Singapore's Changi Airport ranked first from January to August, with almost 38 million passengers. That was an 84 per cent recovery rate compared with the 45 million it handled in the first eight months of 2019, according to data compiled by Singaporean consulting firm Sobie Aviation.

Seoul's Incheon Airport was second at 35 million passengers, a 73 per cent recovery rate, and Bangkok Suvarnabhumi Airport was third with 25.5 million passengers, a rate of 72 per cent.

Hong Kong's airport handled 24.3 million passengers, just under half the pre-pandemic number, while Taiwan Taoyuan Airport was fifth with 21.8 million passengers, which was a recovery rate of 67 per cent.

Hong Kong fell back among Asia-Pacific airports as the city kept its tough pandemic restrictions on international arrivals even as other destinations began opening up to visitors.

The city only eased its restrictions last December, and allowed quarantine-free travel with mainland China in February.

The Airport Authority, which runs the airport, had projected that passenger traffic would return to 80 per cent of pre-pandemic levels by the end of the year, with full recovery by the close of next year. In August, Hong Kong reached 67 per cent of its pre-pandemic levels.

In July, the International Air Transport Association (IATA) revised its projections for Hong Kong's aviation recovery, forecasting that the airport would reach pre-pandemic passenger levels by the end of next year, three years earlier than the global airline body previously expected.

Association of Asia Pacific Airlines director general Subhas Menon said the region's airlines carried 171 million international passengers during the first eight months of the year, just more than two-thirds of the number for the same period in 2019.

Noting that competition was intensifying globally, he said in a statement on Thursday that Asian airlines remained focused on increasing productivity.

Aviation analyst Brendan Sobie said it was encouraging to see the same top five airports were back in the rankings in August, as North Asian airports recovered traffic levels.

In August, Seoul's Incheon overtook Singapore's Changi Airport for the first time this year. Hong Kong's airport was the third-busiest every month from May to August.

Sobie said it would take time for Hong Kong to close the gap with Singapore, as the former's 3.99 million passengers in August were more than a million behind Changi's 5.15 million.

While next year was difficult to predict, he said "there is a chance that Hong Kong could come back to No 1".

He added that the final stretch of recovering to pre-pandemic levels would be the most difficult, noting that Singapore and Bangkok had opened up earlier and seen traffic plateau in recent months.

Staffing shortages at airports and airlines, supply chain issues and fleet constraints were among the hurdles in the way to returning to pre-pandemic levels, he added.

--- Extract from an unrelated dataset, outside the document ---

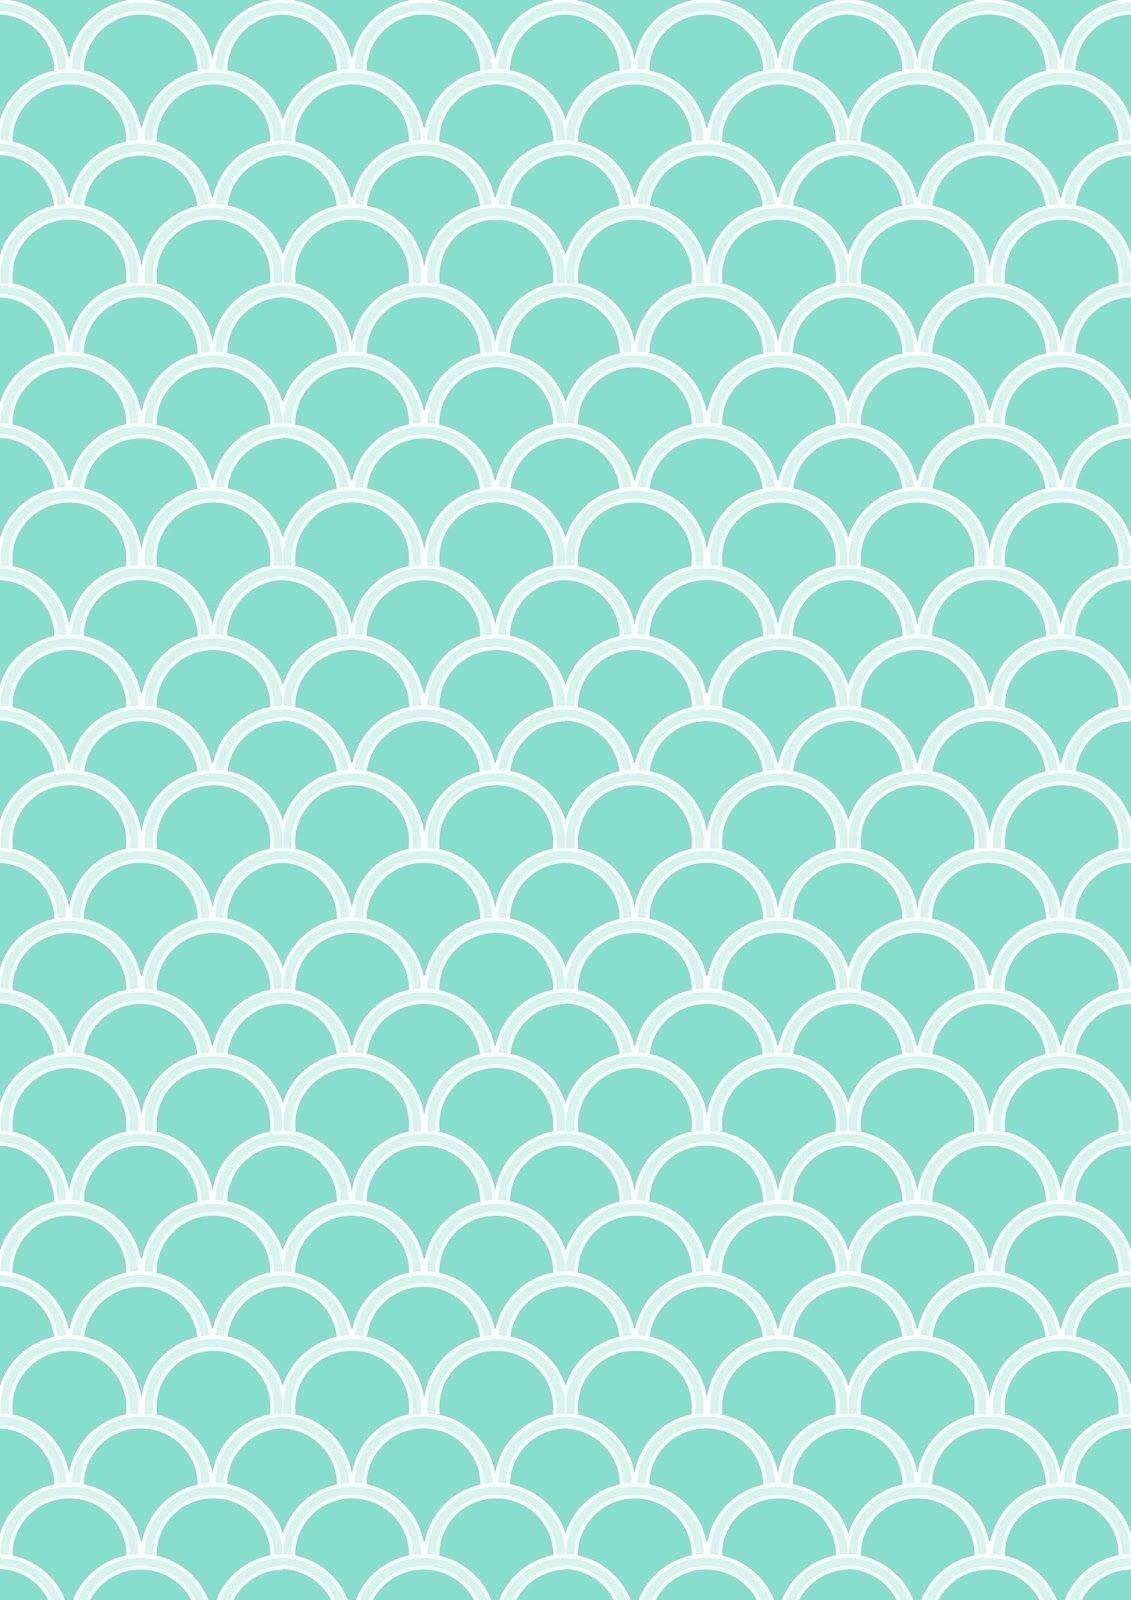 Free Printable Scrapbook Paper Designs Green | Corner Of Chart And Menu - Free Printable Scrapbook Paper

That view was echoed by Xie Xingquan, IATA's regional vice-president for North Asia, who told the Post that supply side challenges would hinder airlines' ability to add back capacity to serve strong travel demand.

He said these included a worldwide shortage of spare parts for aircraft, delays in the delivery of new planes, backlogs in aircraft maintenance and servicing, and a shortage of skilled workers including pilots and flight attendants.

Senior lecturer Andrew Yuen Chi-lok, of Chinese University's Aviation Policy and Research Centre, said Hong Kong's labour shortage remained the "major issue".

He expected the situation to improve gradually, helped by the government's plan to bring in 6,300 aviation employees, part of a wider effort to import 20,000 foreign workers.

There are about 53,000 workers at Hong Kong's airport, a third fewer than the 78,000 employed before the Covid-19 pandemic.